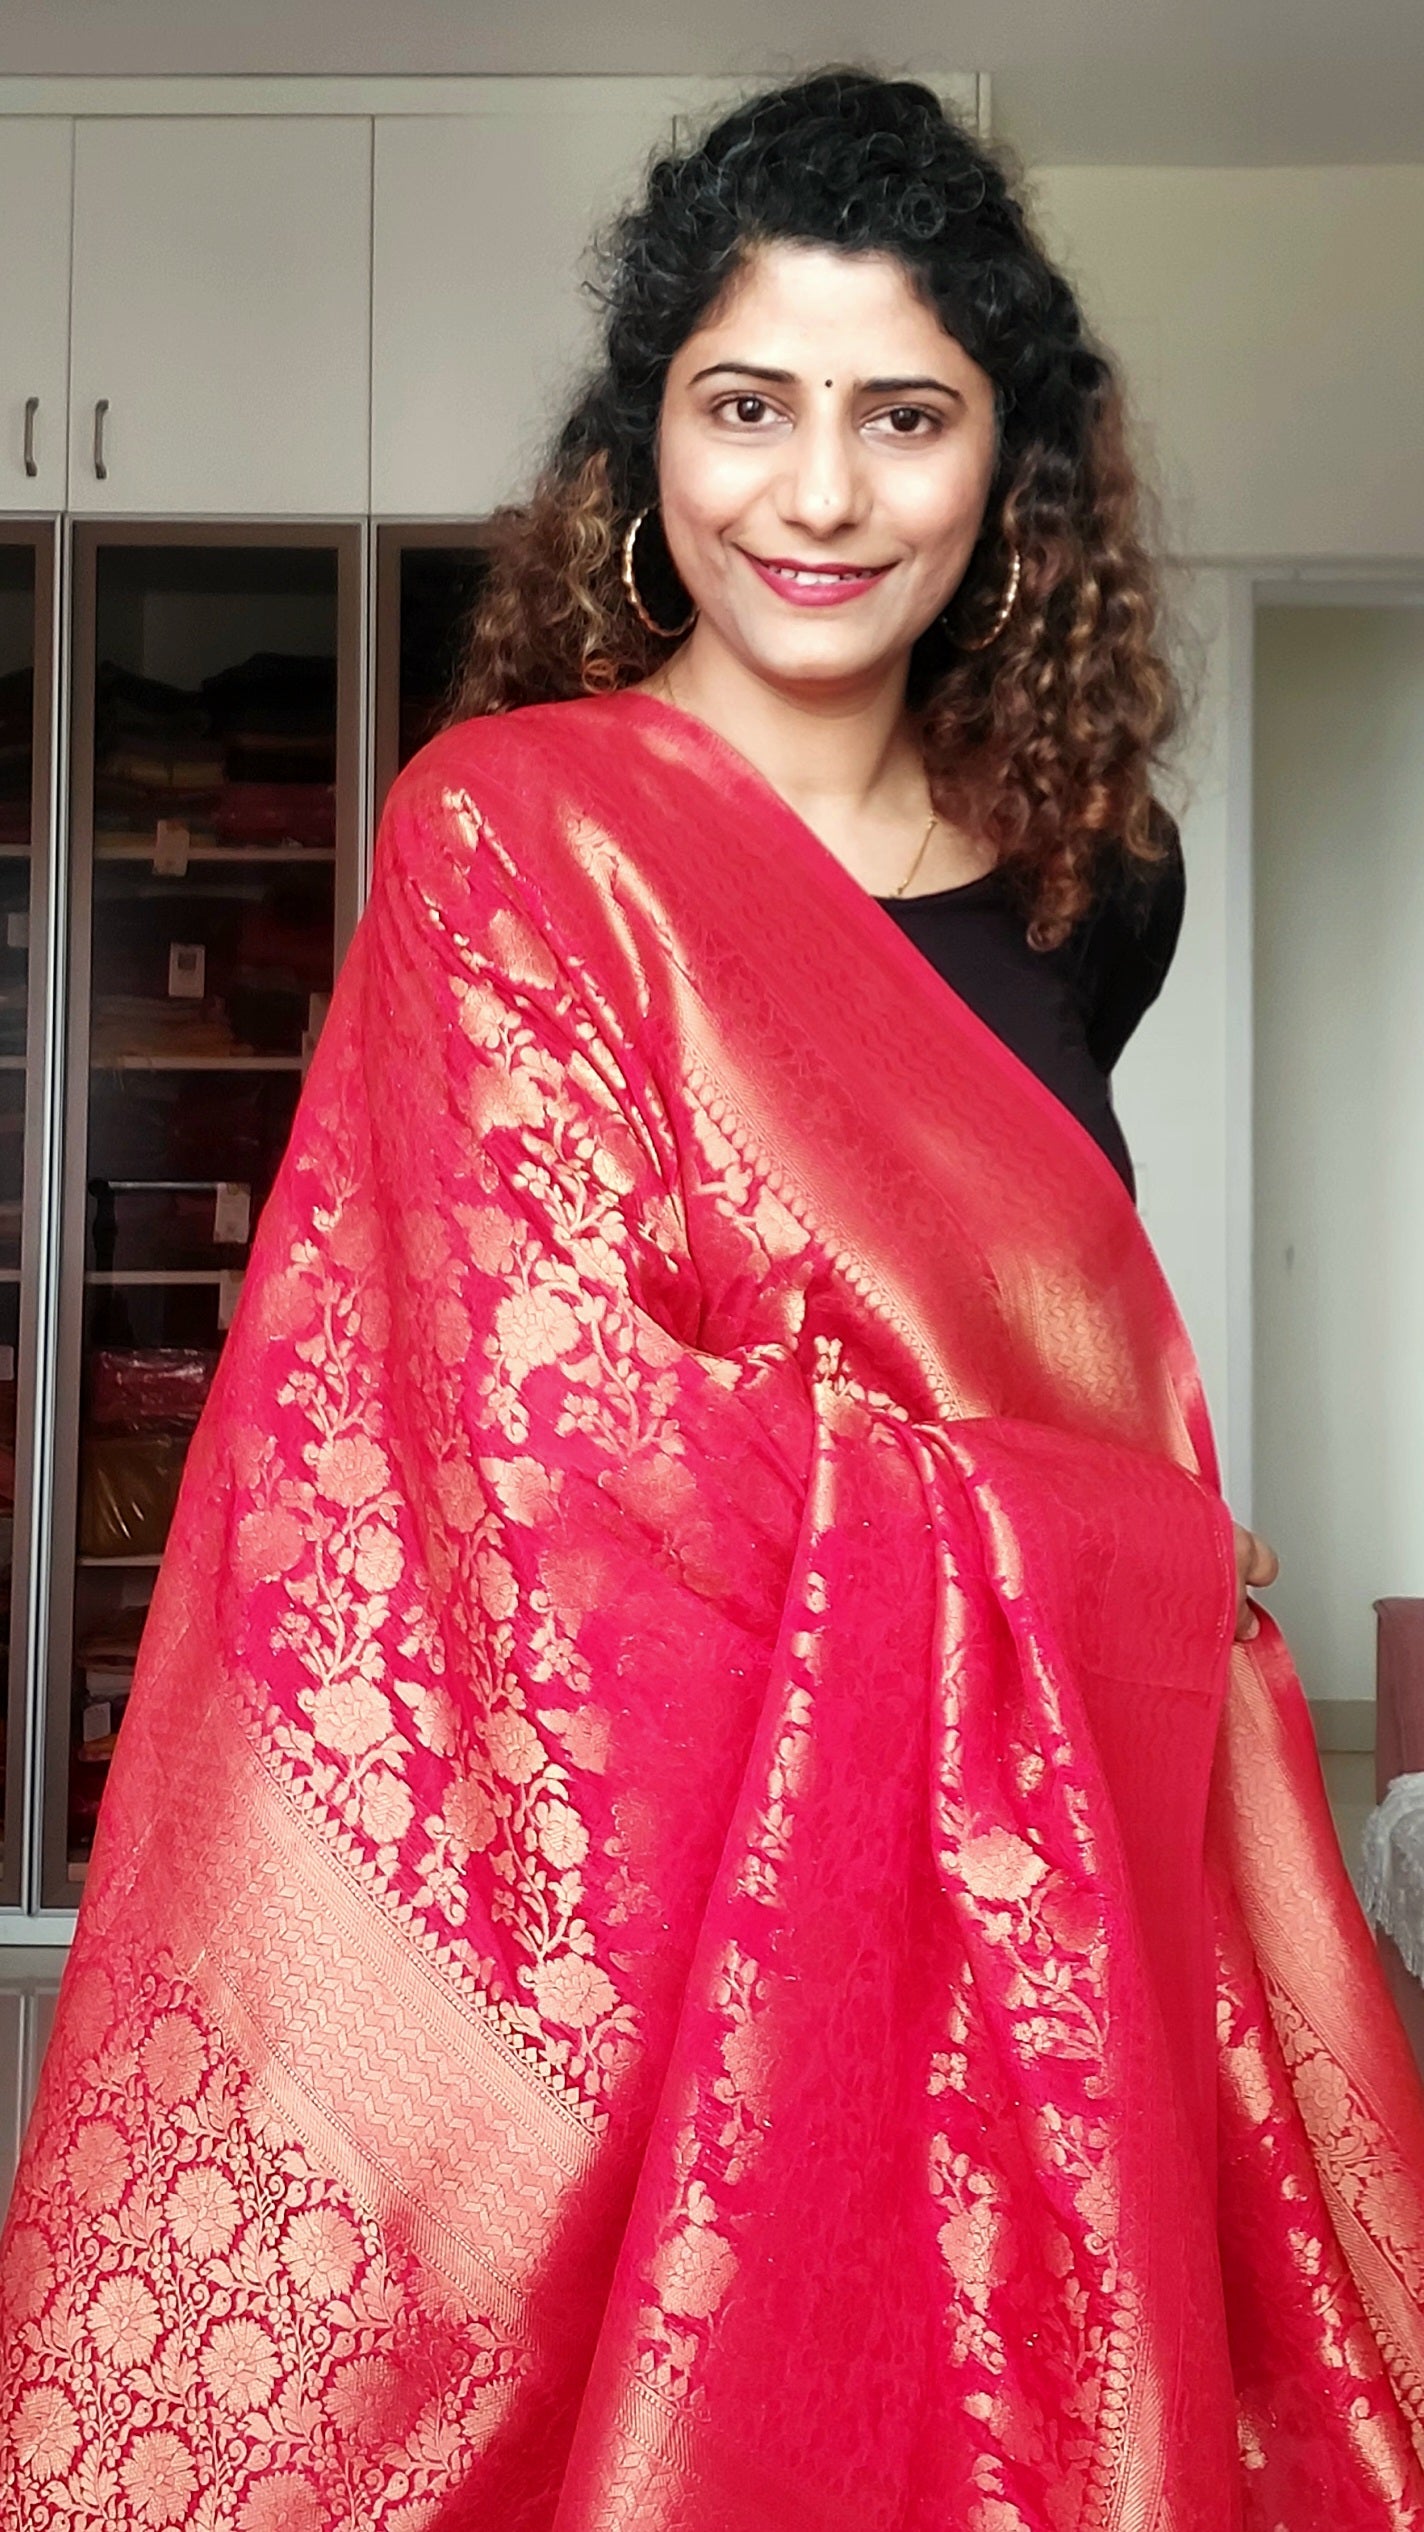 Banarasi Chiffon-Georgette Saree- Red
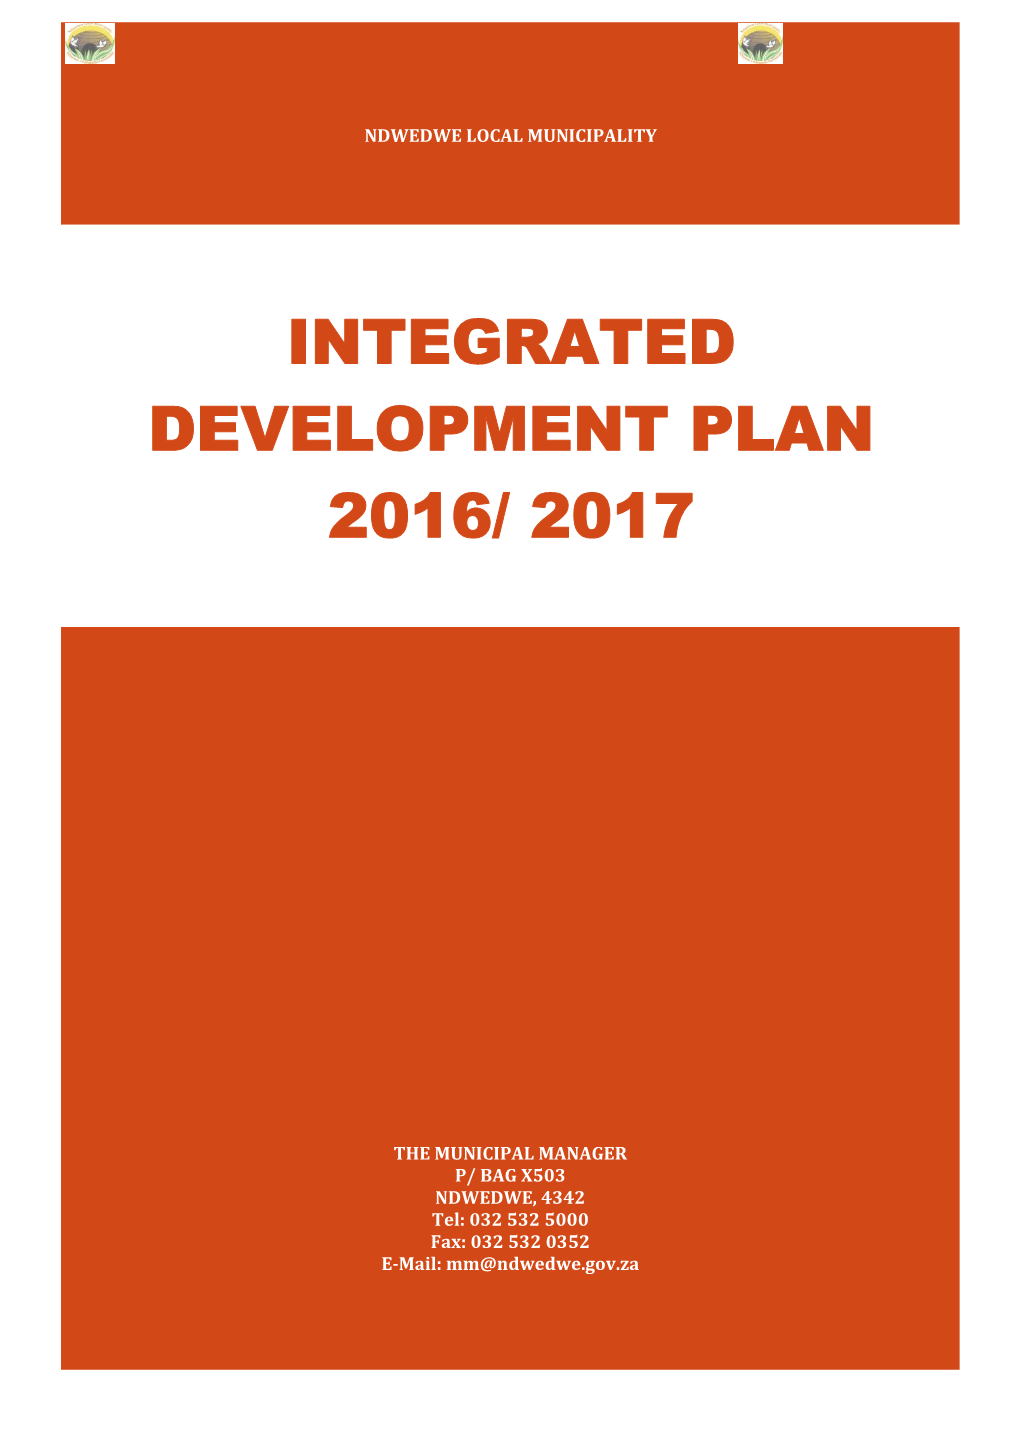 Integrated Development Plan 2016/ 2017
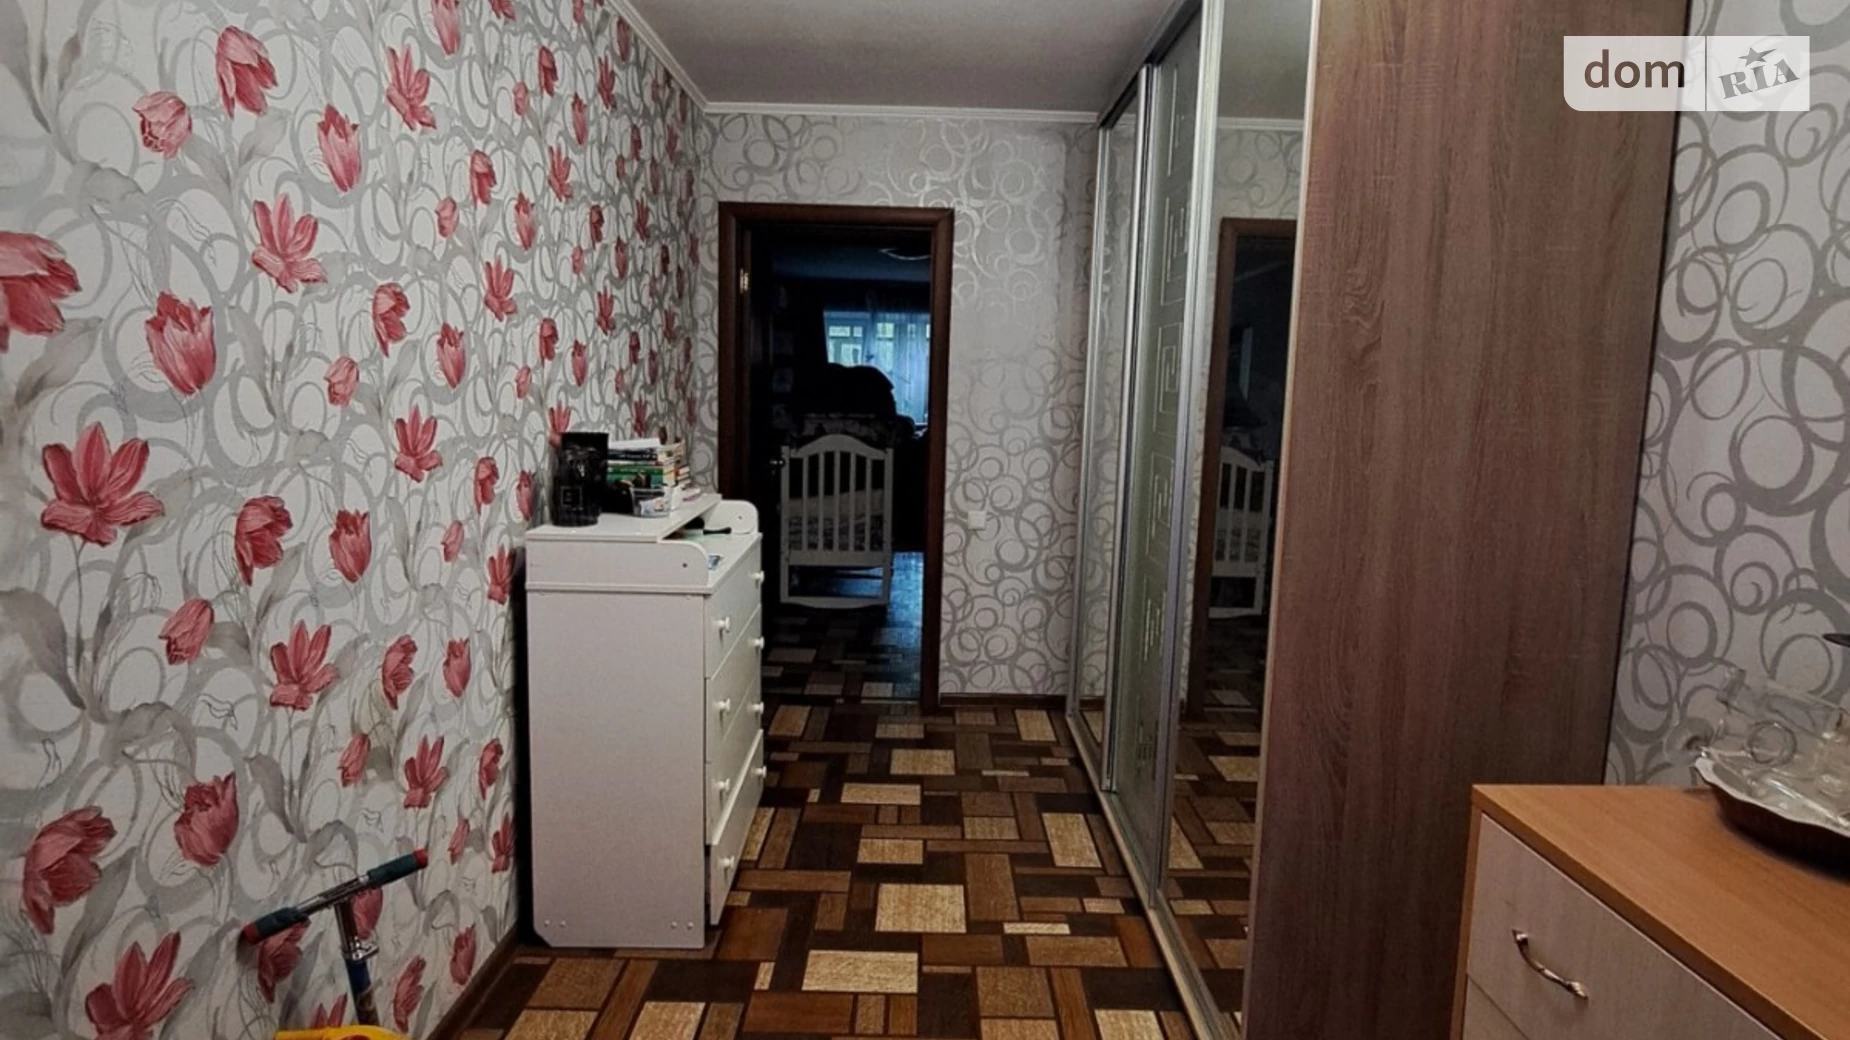 2-кімнатна квартира 43.09 кв. м у Запоріжжі, вул. Алмазна
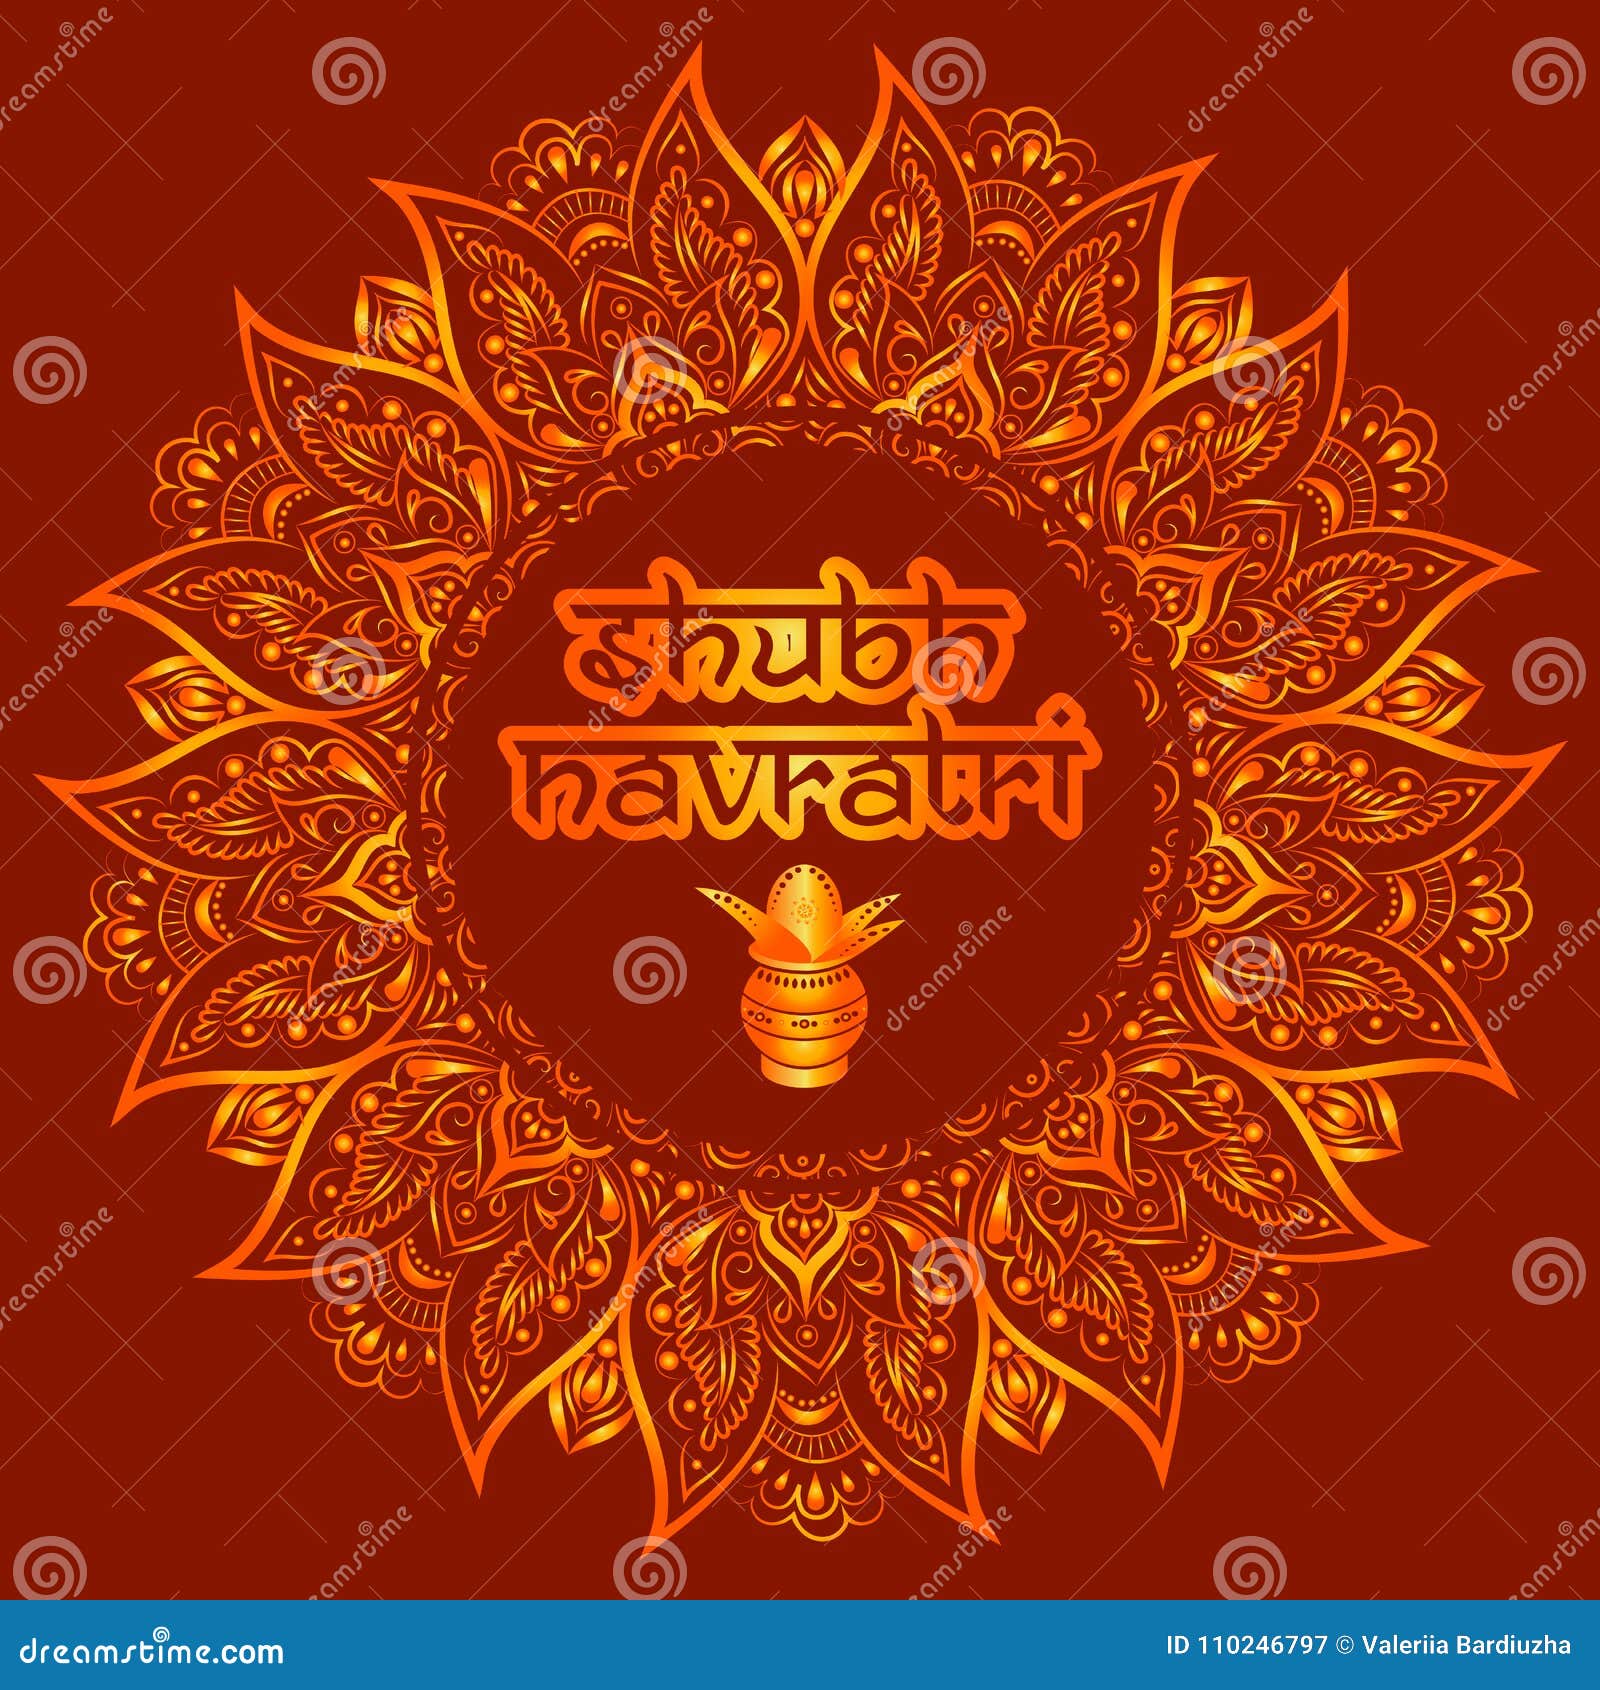 Illustration of Shubh Navratri Celebration Stock Vector - Illustration of  advertisement, hinduism: 110246797

====

PROBLEM REQUIREMENTS
Output all the data, exactly, without images.

WRITTEN ANSWER
 Banarasi Chiffon-Georgette Saree- Red
 Integrated Development Plan 2016/ 2017
 2-кімнатна квартира 43.09 кв. м у Запоріжжі, вул. Алмазна
 Illustration of Shubh Navratri Celebration Stock Vector - Illustration of  advertisement, hinduism: 110246797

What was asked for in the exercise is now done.